No it was a youngish lass, longish black hair tied back, black clothes, slightly podgy, she was a miserable fucker, hope she gets the sack


----------



## Throbbing Angel (Oct 10, 2005)

'kinnell, calm down - it's only a book club!


----------



## sorearm (Oct 10, 2005)

Throbbing Angel said:
			
		

> 'kinnell, calm down - it's only a book club!


----------



## Wookey (Oct 10, 2005)

:d 

Only??


----------



## Throbbing Angel (Oct 10, 2005)

I'm just jealous


----------



## mancboy (Oct 11, 2005)

Not strictly book related but if any of you clubbers want to go to a gig, my band's playing Matt and Phred's next Monday.

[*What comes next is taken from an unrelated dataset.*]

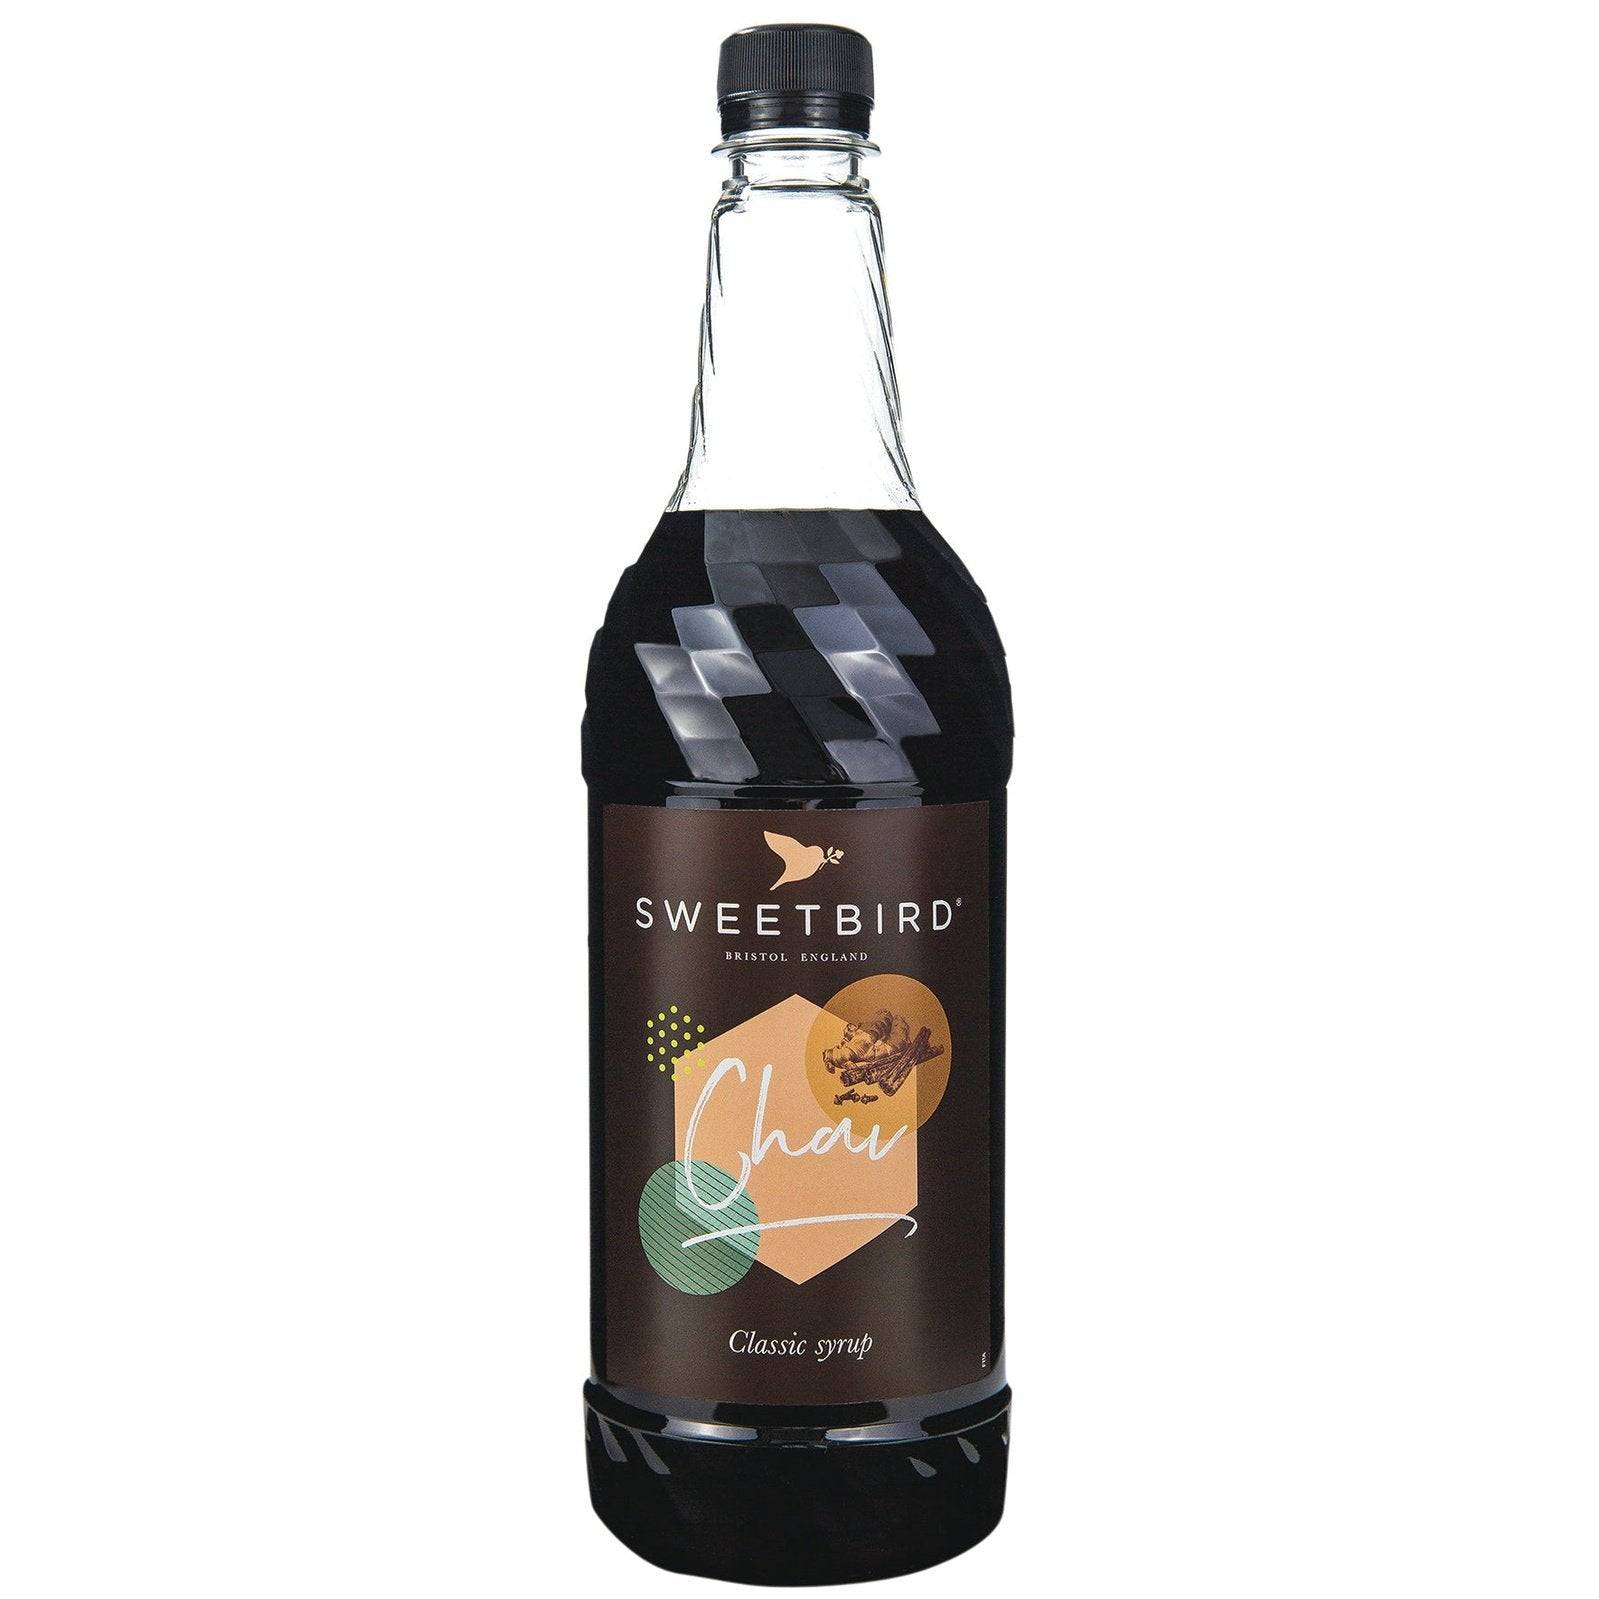 Sweetbird - Chai Syrup 1L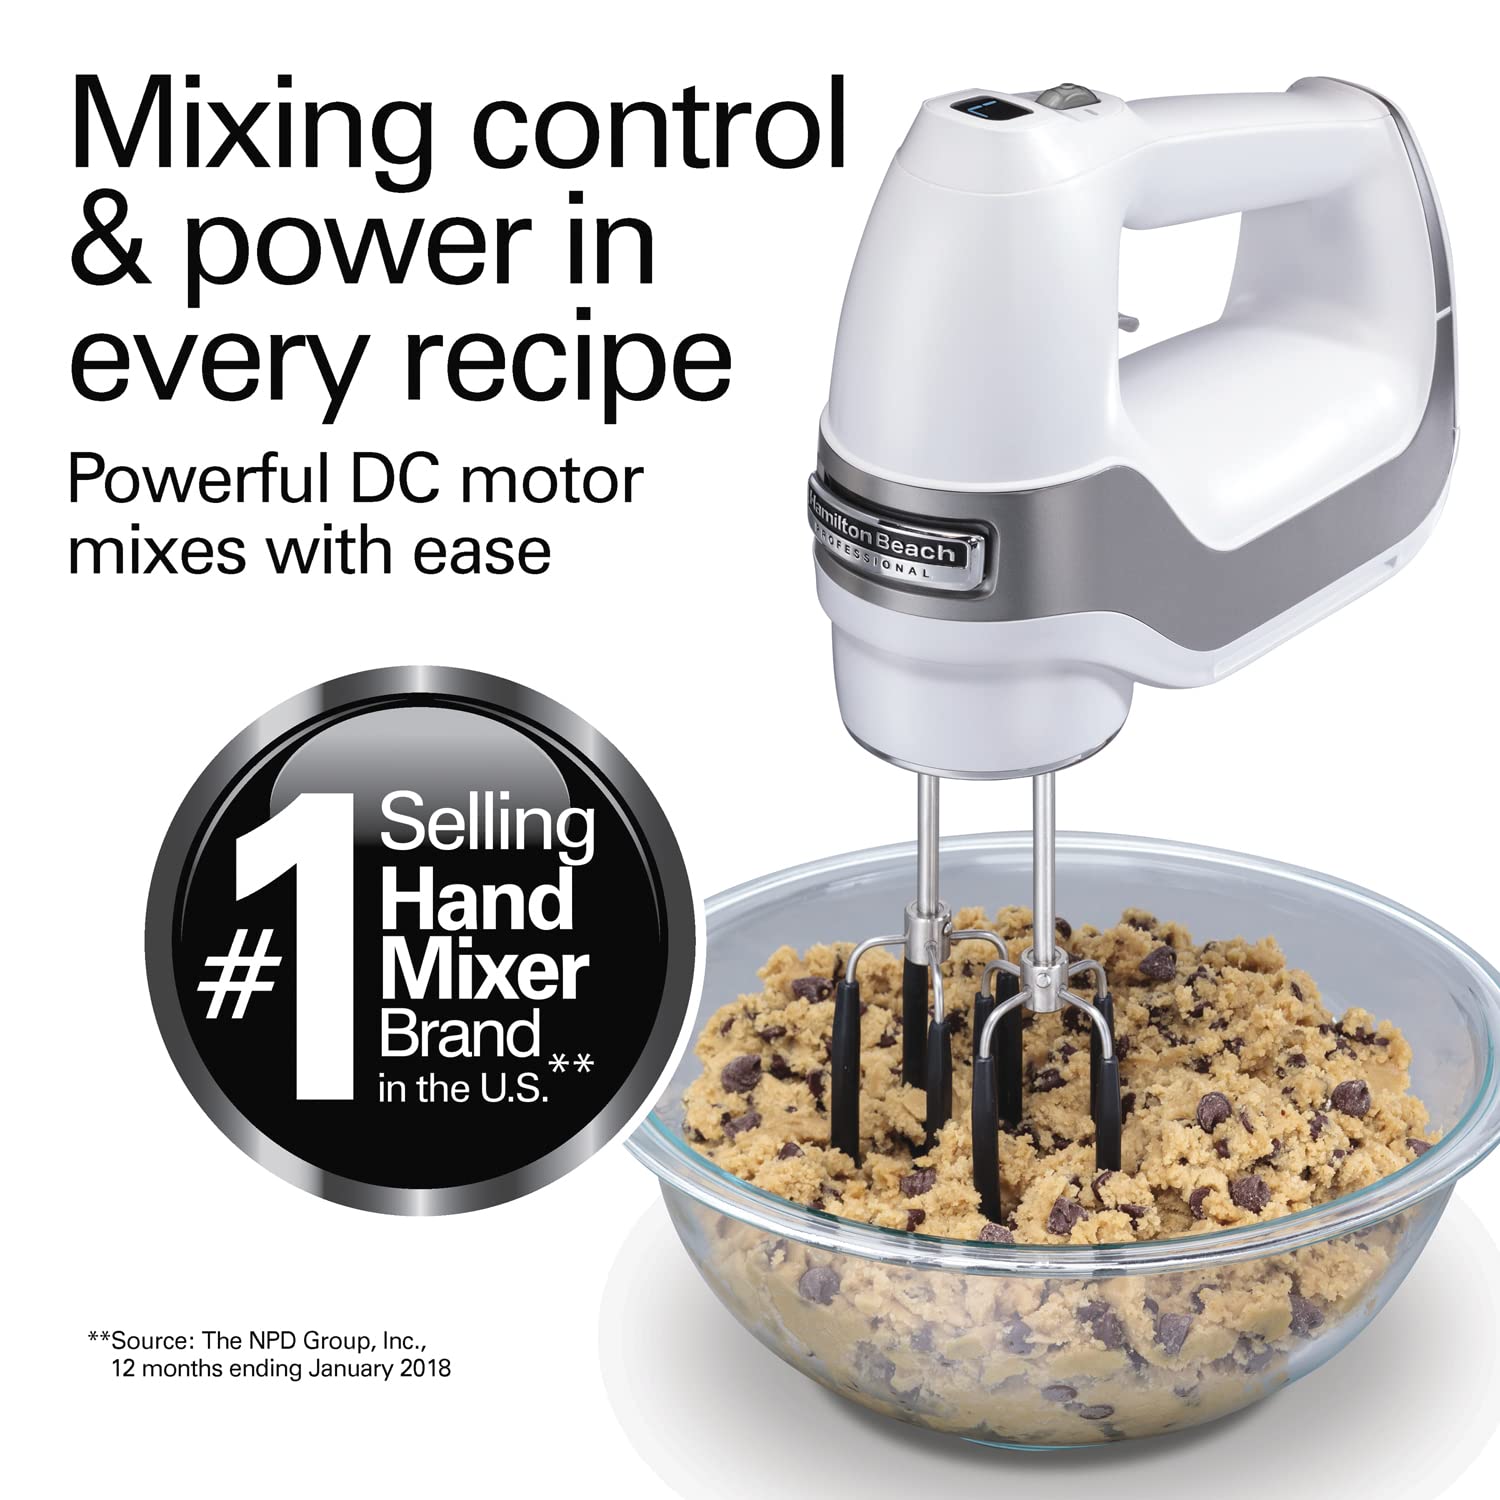 Hamilton Beach Professional 7-Speed Digital Electric Hand Mixer with High-Performance DC Motor, Slow Start, Snap-On Storage Case, SoftScrape Beaters, Whisk, Dough Hooks, White (62656)

Don't worry. We're not jazz.


----------



## Wookey (Oct 14, 2005)

Getting into the book properly now. I say, he's not a bad little writer, is he??!!

  

Also, I had the idea that maybe we could each bring our favourite sentence from the book to the next book club? The most striking paragraph or phrase, one that really stands out

I for one would be dead interested to see which specific parts really struck you as "Wow" - from a stylistic viewpoint, or a construction viewpoint, linguistic, fictional, whatever...


----------



## Wookey (Oct 14, 2005)

Matt and Phred's? Where's it?

And what kind of band are you then?


----------



## mancboy (Oct 14, 2005)

Tib Street, near Centro.

alt-country/folk sort of stuff. All chiming guitars and songs about booze and heartbreak.


----------



## Wookey (Oct 14, 2005)

http://www.mattandphreds.com/home

Lovely website they have.

Whassit called your band then, and what time are you on and is there a cover fee?


----------



## sorearm (Oct 16, 2005)

mancboy said:
			
		

> Tib Street, near Centro.
> 
> alt-country/folk sort of stuff. All chiming guitars and songs about booze and heartbreak.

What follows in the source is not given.